An exact restatement of the data below, with the pictures removed, is the required answer.

#### Exercise data
##########

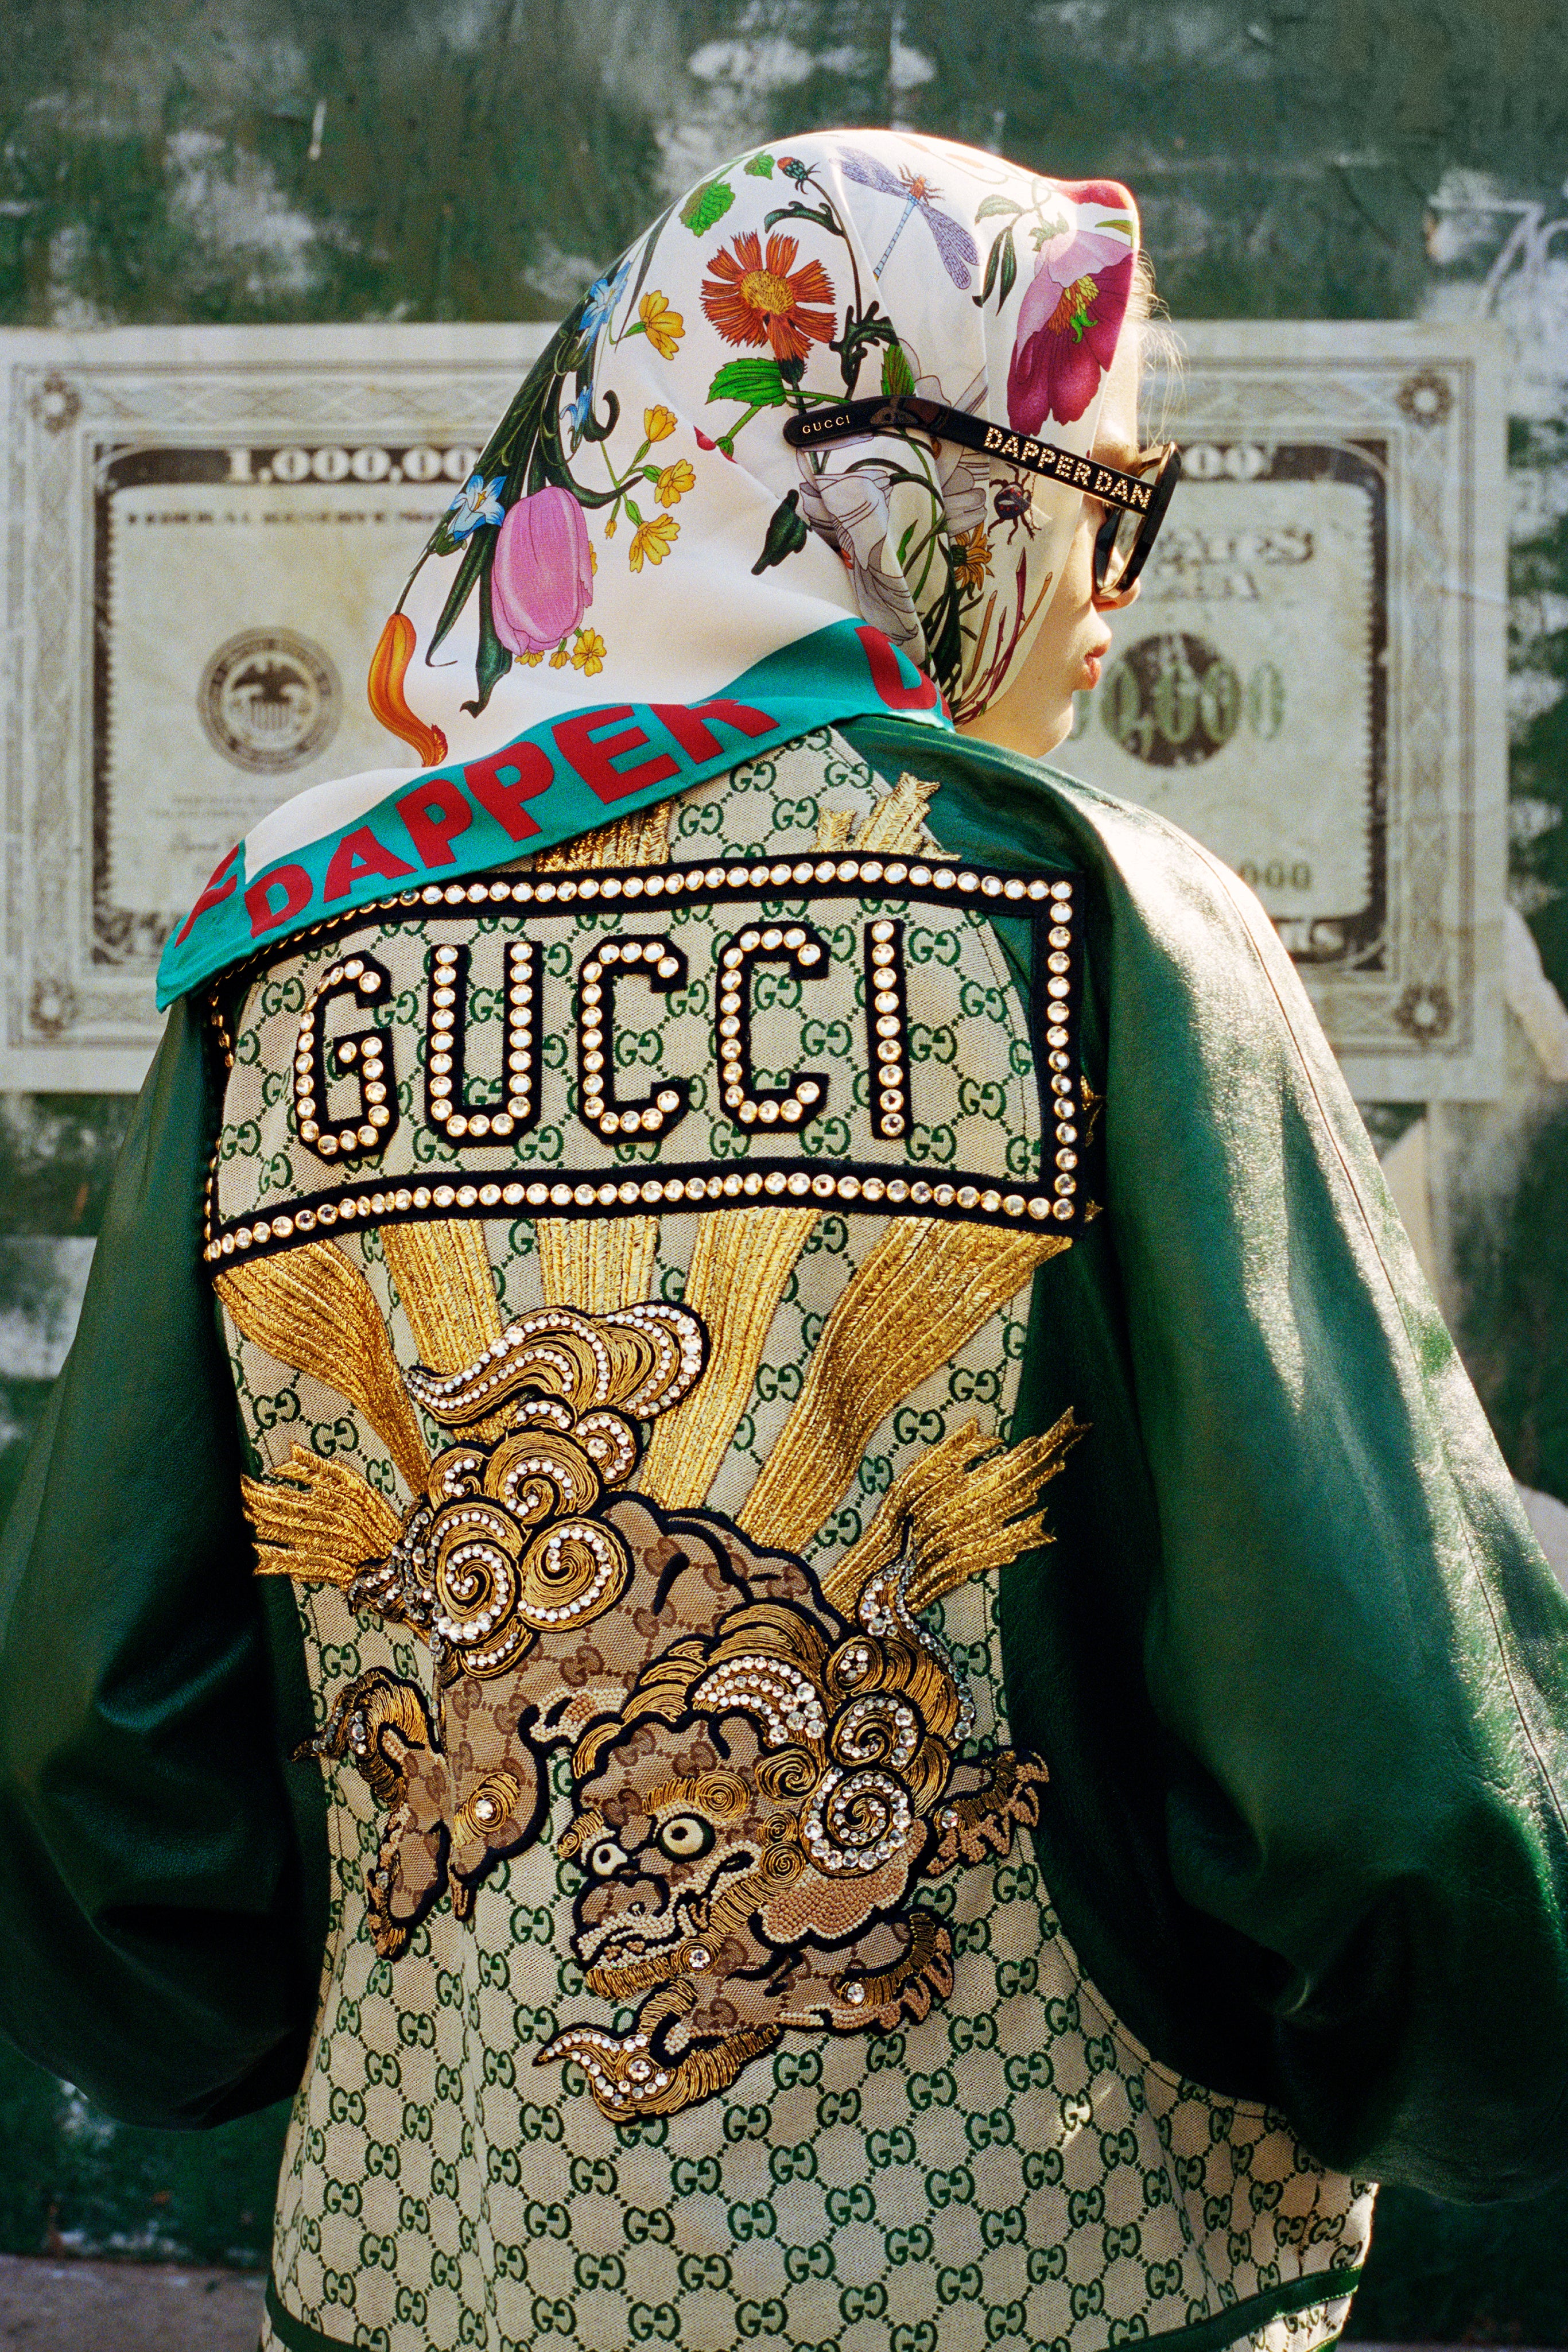 With Its Limited Edition Book ‘Dapper Dan’s Harlem,’ Gucci Pays Homage To The Fashion Legend
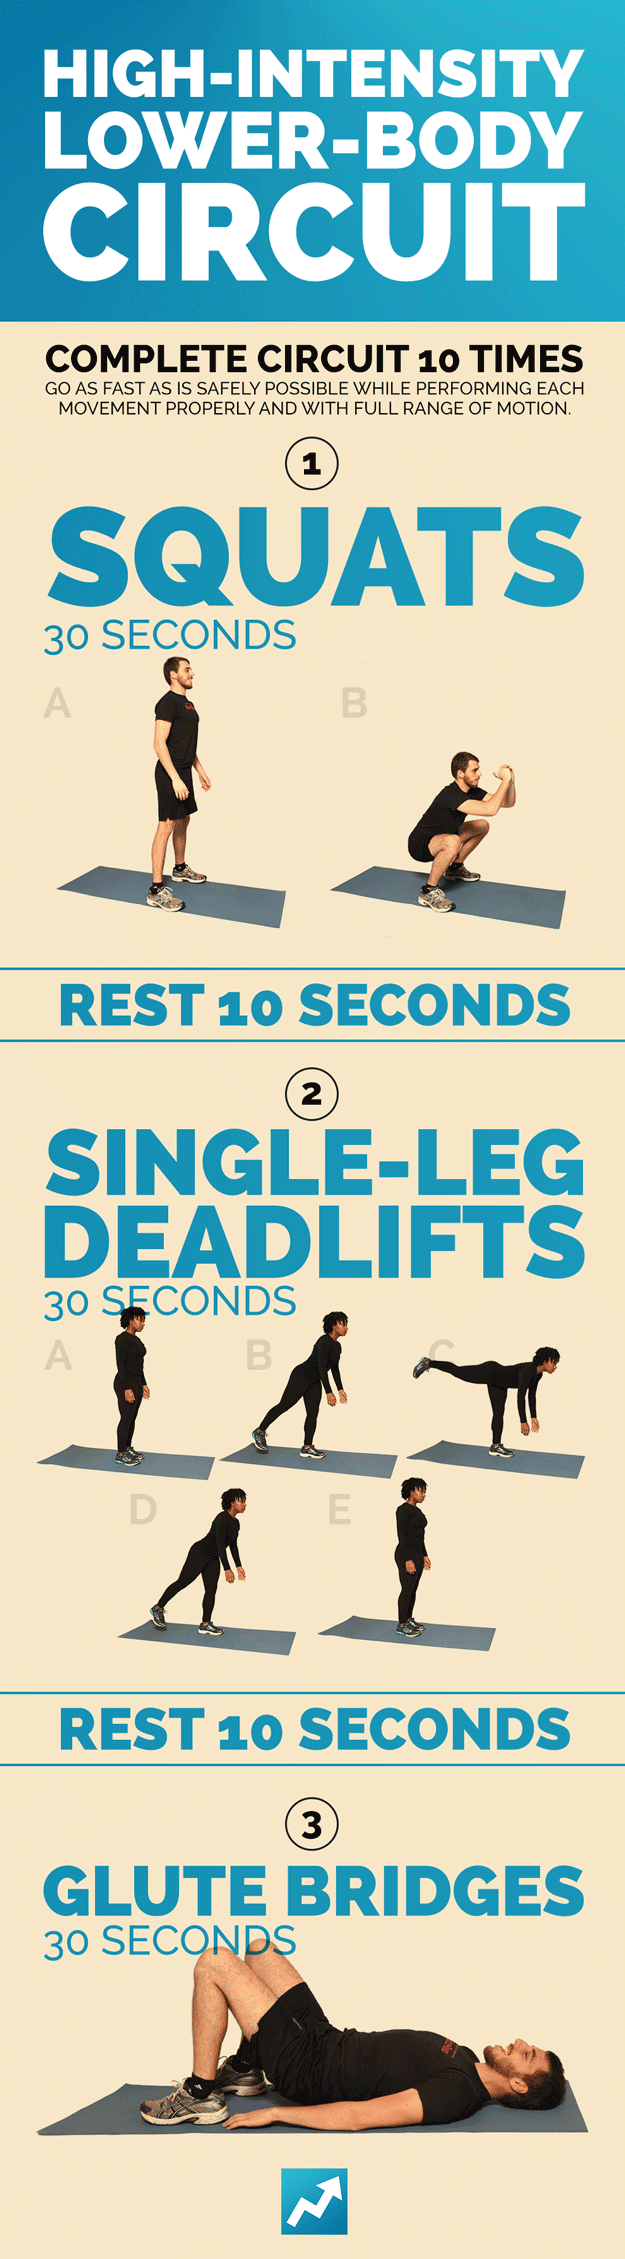 HIGH Low - Full Workout, 30 Minutes
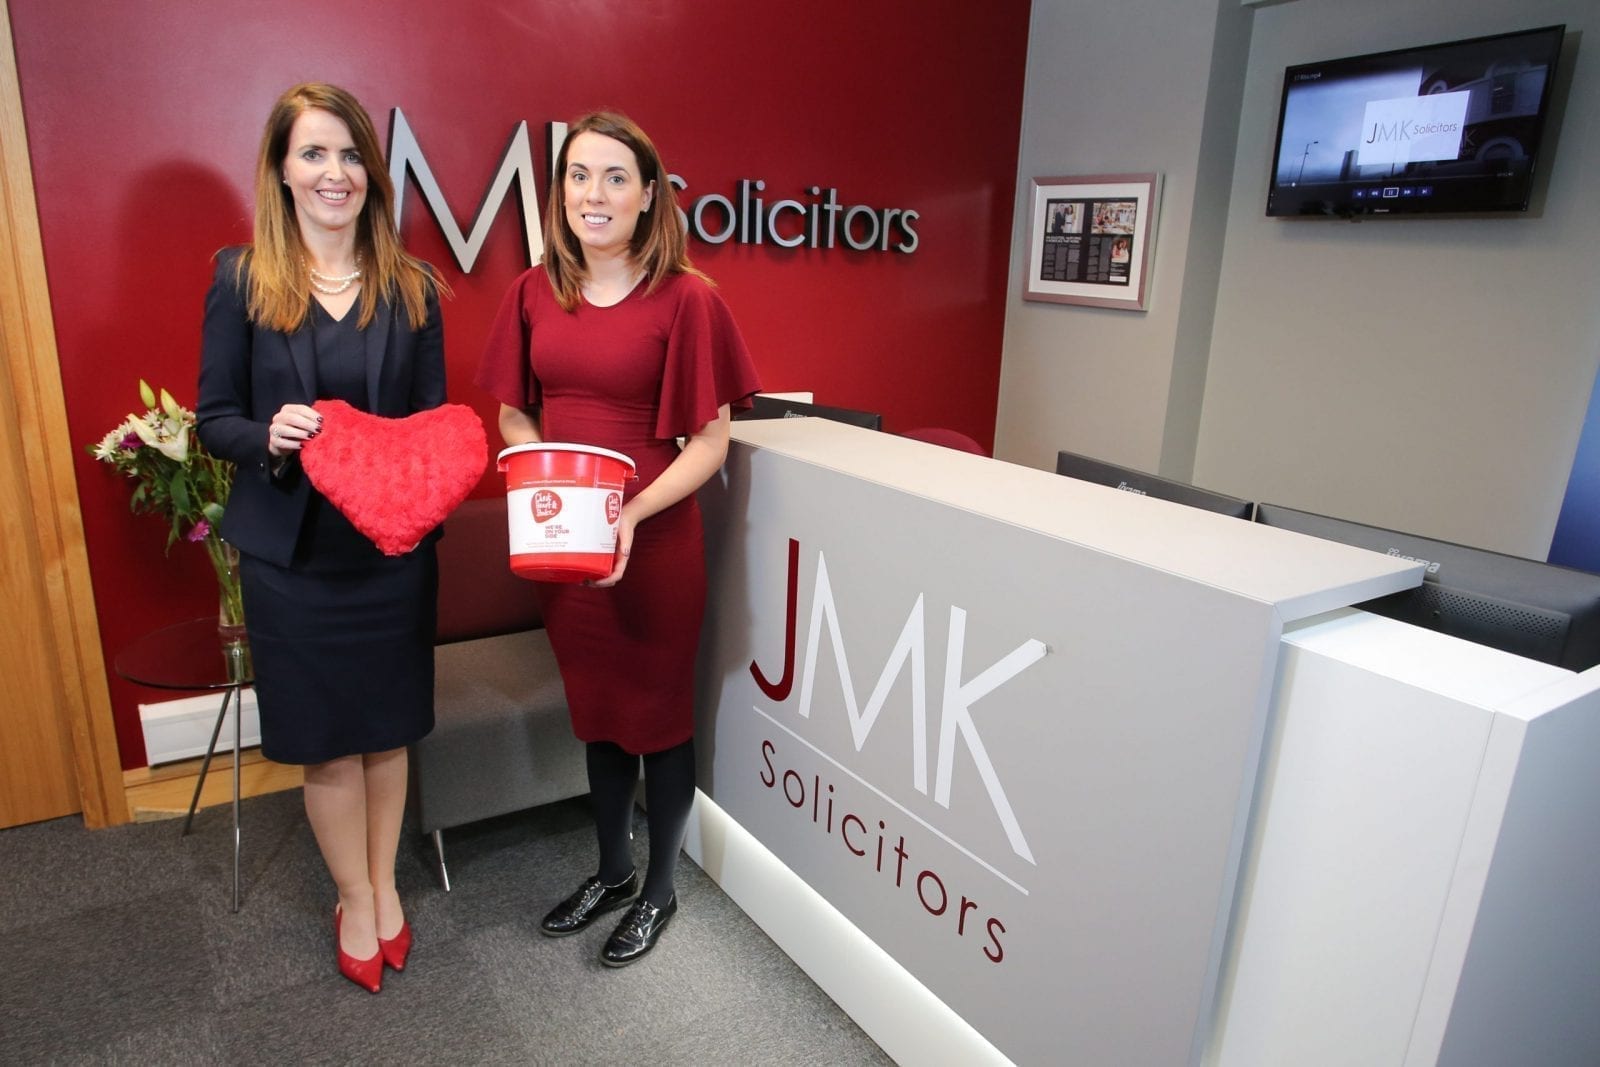 JMK choose Northern Ireland Chest Heart and Stoke as 2019 Charity Partner
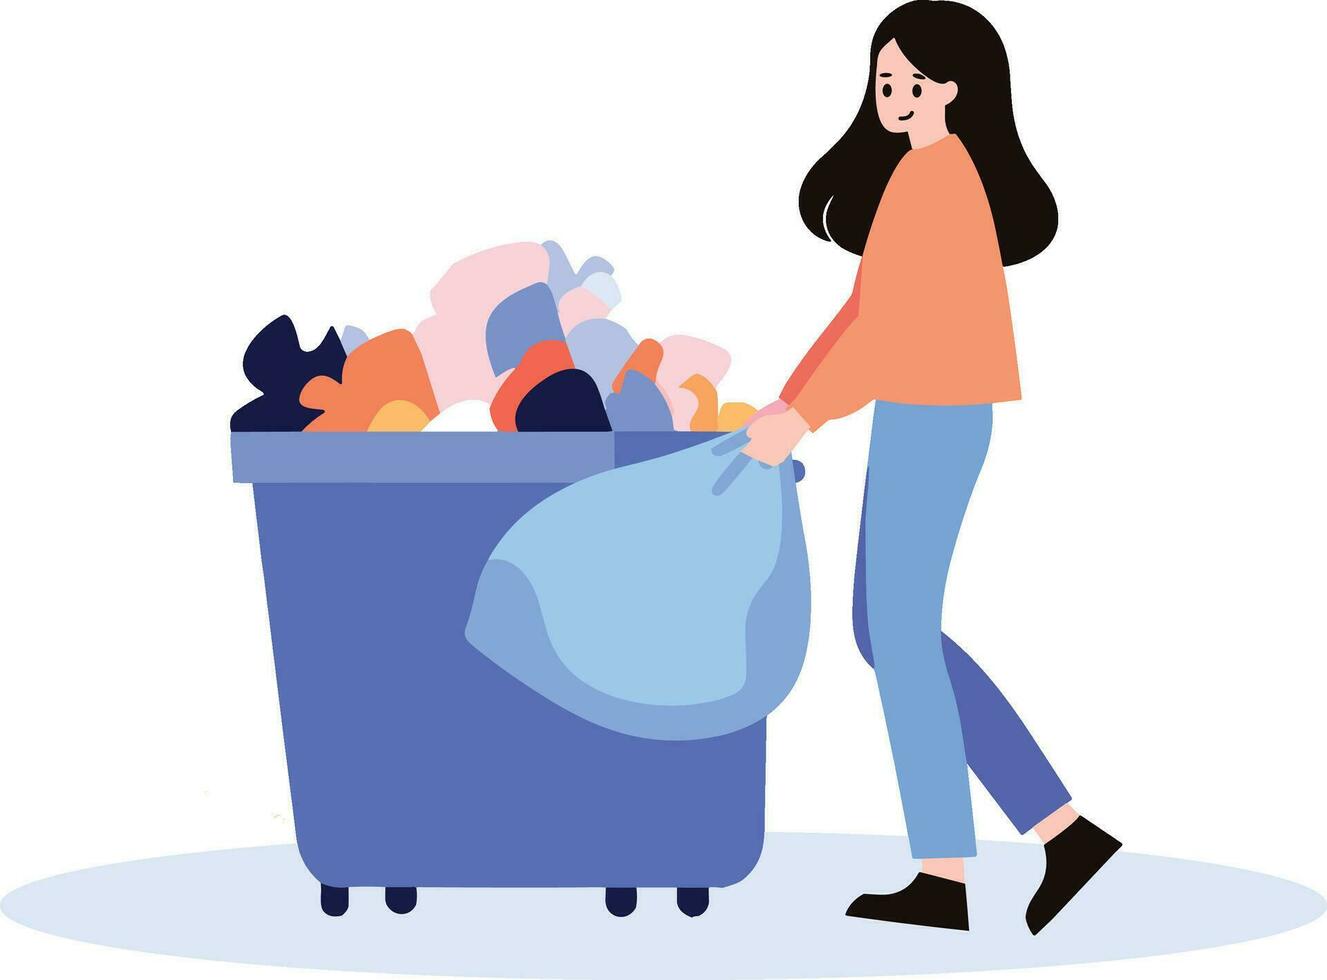 woman taking out trash in flat style isolated on background vector

##########

#### Response to the exercise
 With Its Limited Edition Book ‘Dapper Dan’s Harlem,’ Gucci Pays Homage To The Fashion Legend
 HIGH Low - Full Workout, 30 Minutes
 JMK choose Northern Ireland Chest Heart and Stoke as 2019 Charity Partner
 woman taking out trash in flat style isolated on background vector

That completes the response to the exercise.